NebulaGraph is an open-source distributed graph database built for super large-scale graphs with milliseconds of latency.

If you already have an existing graph, please skip to the end of this notebook.

python
%pip install llama-index llama-index-graph-stores-nebula jupyter-nebulagraph

Docker Setup

To launch NebulaGraph locally, first ensure you have docker installed.

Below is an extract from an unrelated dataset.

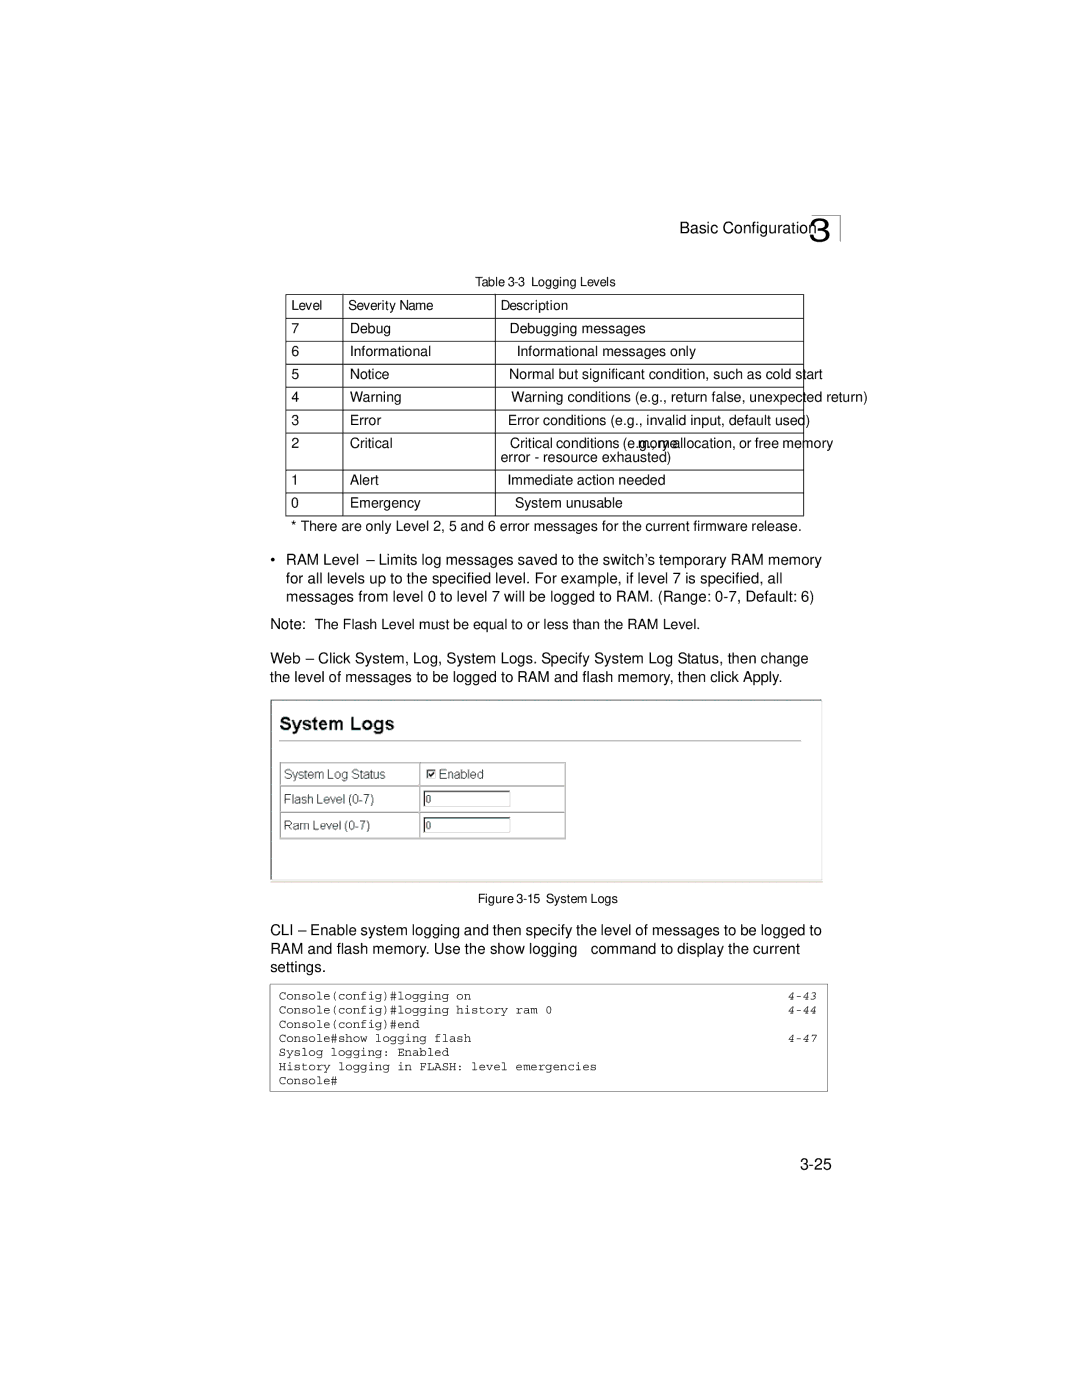 LevelOne GSW-2692 manual Logging Levels, Level Severity Name Description

Then, you can launch the database with the following docker command.

bash
mkdir nebula-docker-compose
cd nebula-docker-compose
curl --output docker-compose.yaml https://raw.githubusercontent.com/vesoft-inc/nebula-docker-compose/master/docker-compose-lite.yaml
docker compose up 

After this, you are ready to create your first property graph!

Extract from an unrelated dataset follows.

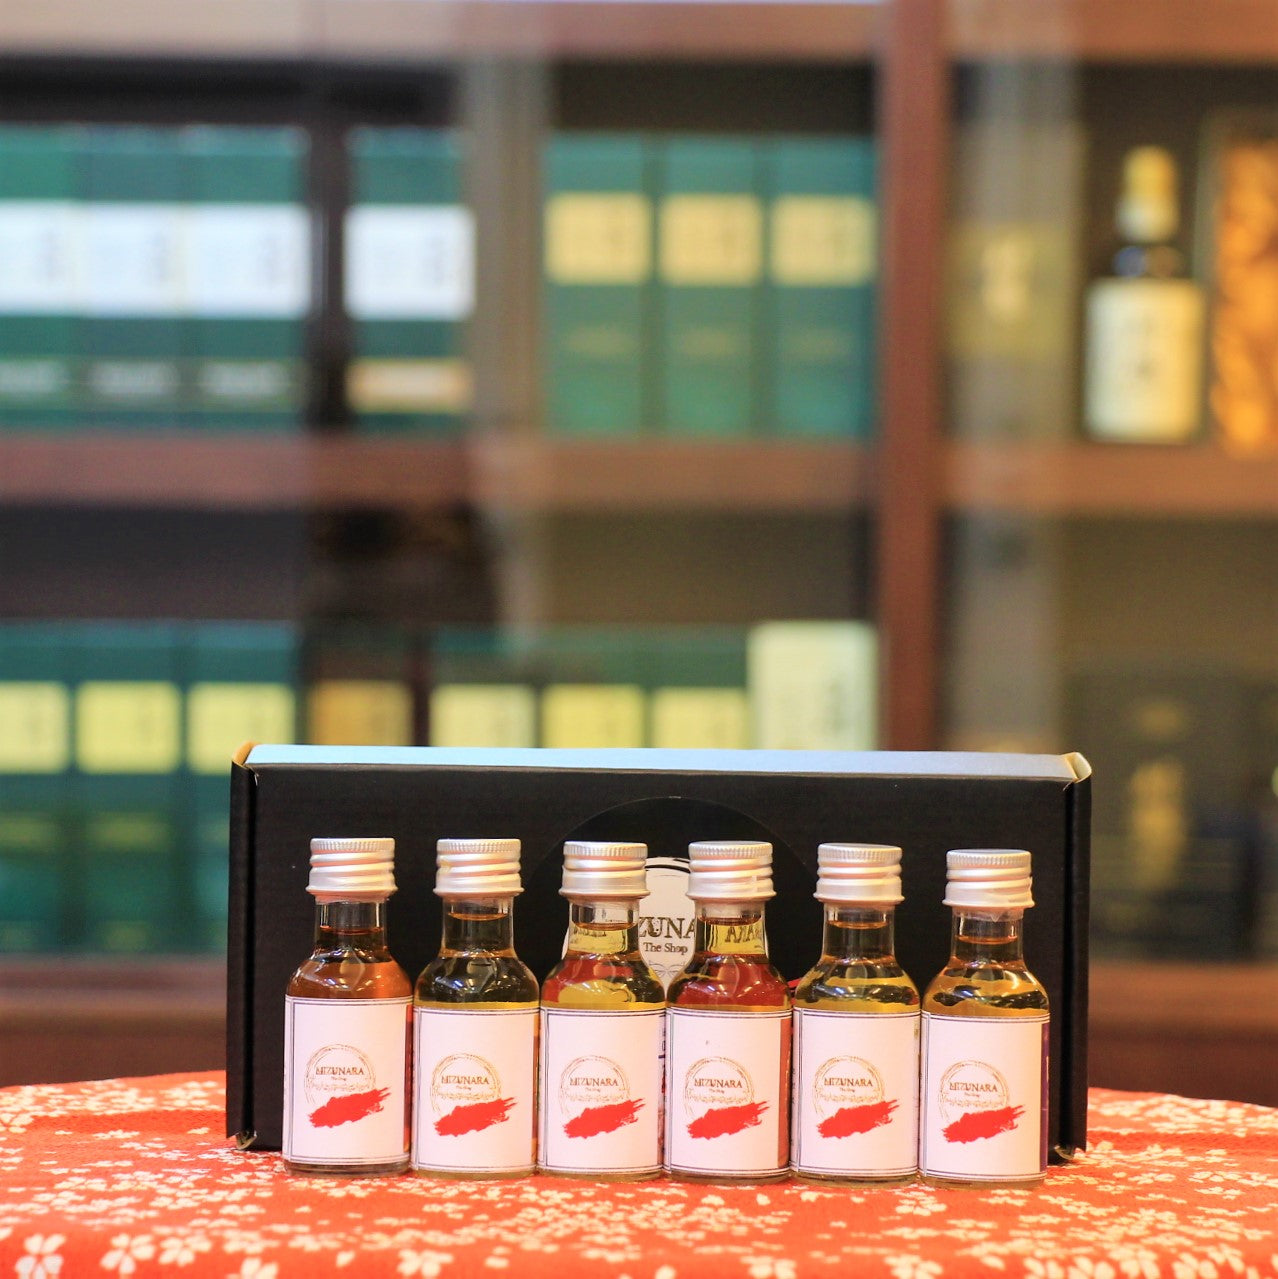 Hombo Shuzo Mars & Tsunuki Whisky (30 ml x 6) Tasting Gift Set B

Other options/details for deploying NebulaGraph can be found in the docs:

python
# load NebulaGraph Jupyter extension to enable %ngql magic
%load_ext ngql
# connect to NebulaGraph service
%ngql --address 127.0.0.1 --port 9669 --user root --password nebula
# create a graph space(think of a Database Instance) named: llamaindex_nebula_property_graph
%ngql CREATE SPACE IF NOT EXISTS llamaindex_nebula_property_graph(vid_type=FIXED_STRING(256));
python
# use the graph space, which is similar to "use database" in MySQL
# The space was created in async way, so we need to wait for a while before using it, retry it if failed
%ngql USE llamaindex_nebula_property_graph;

Env Setup

We need just a few environment setups to get started.

python
import os

os.environ["OPENAI_API_KEY"] = "sk-proj-..."
python
!mkdir -p 'data/paul_graham/'
!wget 'https://raw.githubusercontent.com/run-llama/llama_index/main/docs/examples/data/paul_graham/paul_graham_essay.txt' -O 'data/paul_graham/paul_graham_essay.txt'
python
import nest_asyncio

nest_asyncio.apply()
python
from llama_index.core import SimpleDirectoryReader

documents = SimpleDirectoryReader("./data/paul_graham/").load_data()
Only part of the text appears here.